We will also propose to amend the referendum legislation, Bill C-110, which gives a veto to almost everybody and which at the time I called a big fat chicken with legs for everybody, so that the veto clearly applies to referendums.
This is to say that before calling a federal referendum, the federal government will have to have the approval of the regions and the provinces, including Quebec, Ontario, British Columbia, two western provinces representing 50 per cent of the population and two Atlantic provinces representing 50 per cent of the popula-
tion. As for the question to be asked, the approval of the provinces will be required.
Second, there will have to be agreement regarding the results. The federal government will not be able to give effect to a vote on a referendum question if any of the groups I mentioned has objected to the question.
Finally, we propose that, if the result of a referendum held under provincial legislation differs from the result of a referendum held under federal legislation, the one held under provincial legislation will prevail, thus demonstrating that it is the provinces that created the federal government and not the reverse, in case this has been forgotten.
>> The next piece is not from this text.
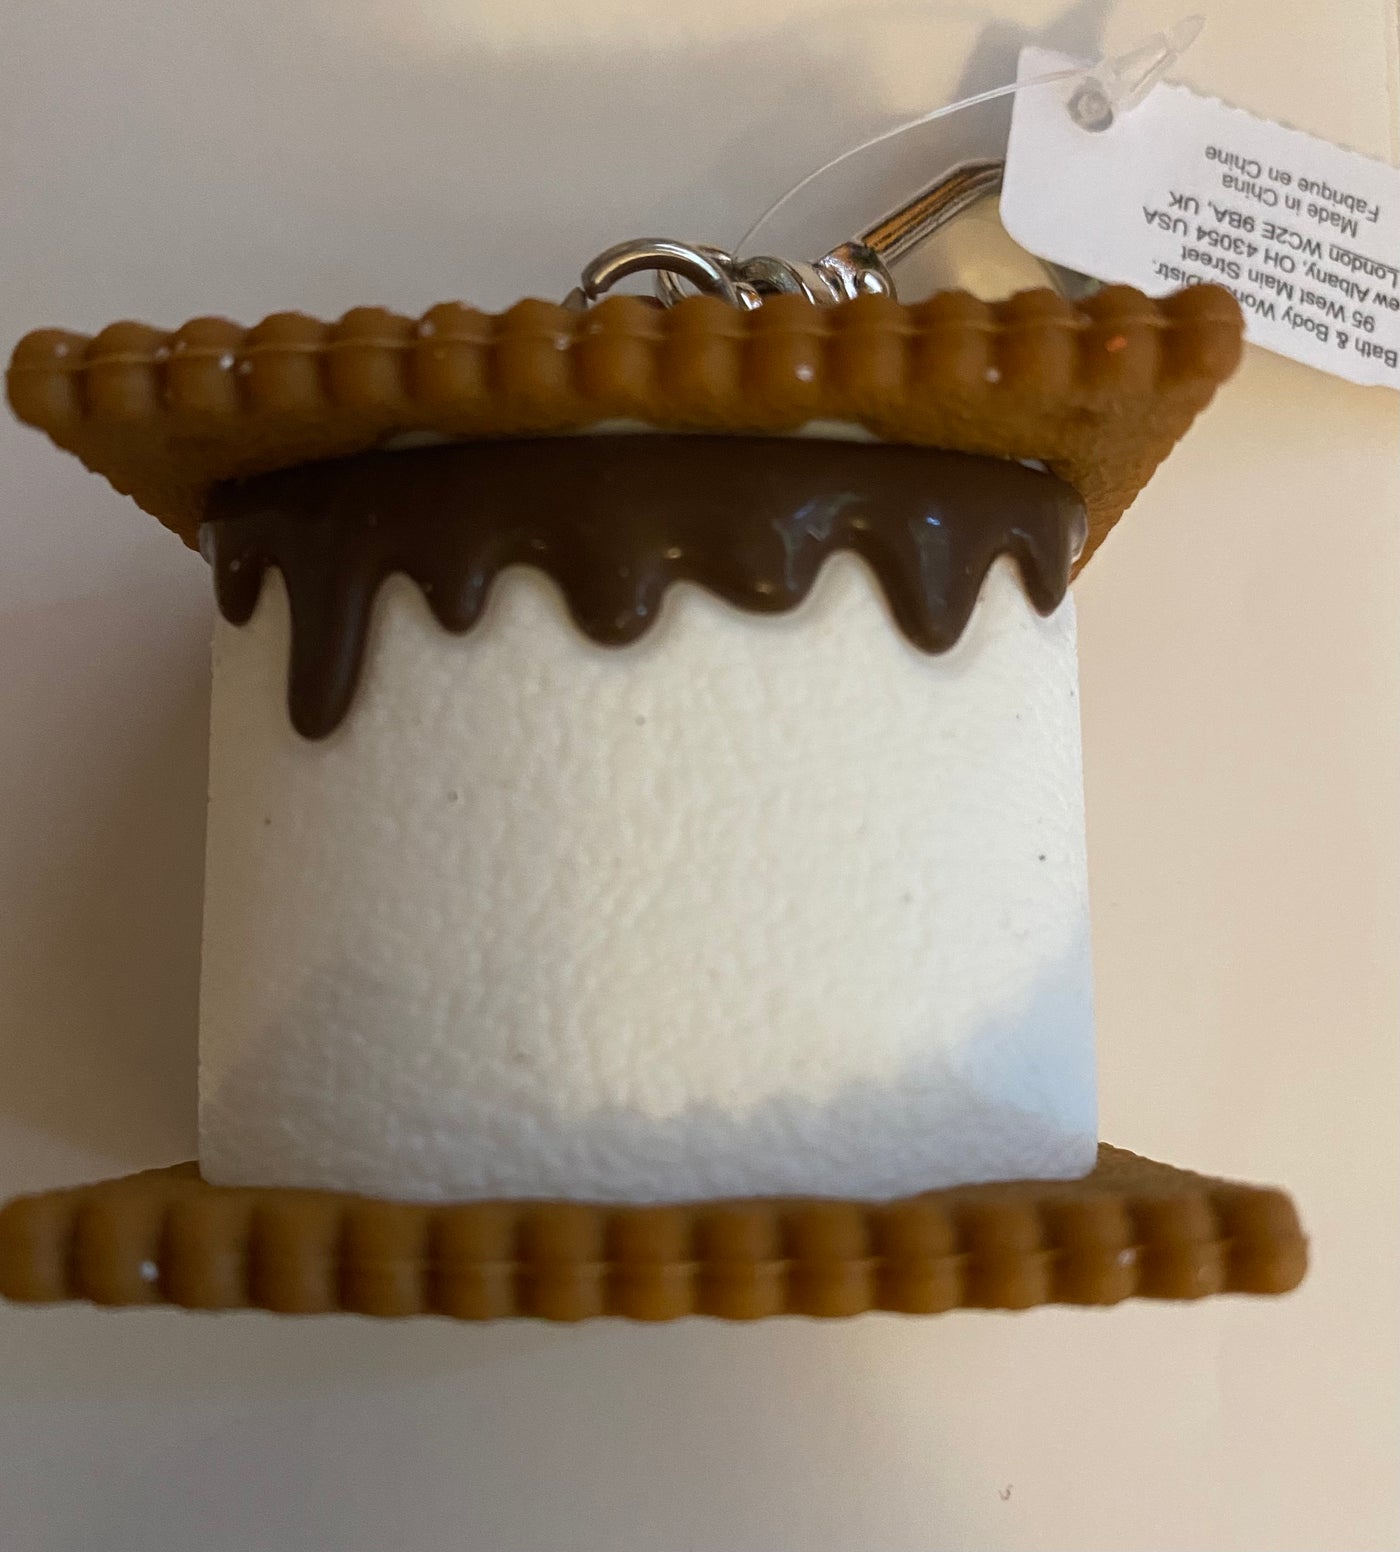 Bath and Body Works S'mores Smores Marshmallow Pocket* Bac Holder Keychain New

My grandfather would puff on his clay pipe and tell me to remember that confederation was the creation of the provinces, that the federal government was not responsible for our existence. Almost everyone in Canada has heard once in his life that the federal government was a creation of the provinces.
We have created a monster of such proportions that it now thinks it created everything, when the reverse is in fact true. It was the provinces that gave birth not to Canada but to the constitutional government that we know today. Contrary to a certain widely held philosophy, Canada was not created in 1867. It existed before that.
It existed when your Acadian ancestors, Madam Speaker, were there, long before the constitutional order of 1867 existed, long before the Europeans arrived. The First Nations were here when Canada came to be. To think that Canada has been in existence only since 1867 or that it will fall apart because of a constitutional reform is to misjudge tradition, the history that forged the soul of this people. It will withstand another constitutional reform.
My colleagues can add to what I have said. I have tried to deal with the eight motions in Group No. 6, which cover the Bloc Quebecois's major amendments. I would again like to congratulate the member for Calgary West for his solid understanding of the problem I am raising concerning distinct society. He is not in agreement with me, and I am not in agreement with him. But at least he is asking the real questions and giving a genuine response, as he sees it, unlike the people across the way, who pretend not to understand the problems. They sidestep the issue, because they are too afraid of what lies beneath the surface.
It is true that distinct society is a term that gives Quebec greater powers, that makes it possible to interpret the Canadian Constitution so that the division of powers provided in sections 91 and 92 of the present Constitution would be set aside and precedence given to an interpretive clause of this sort. In this regard, the hon. member for Calgary West is right.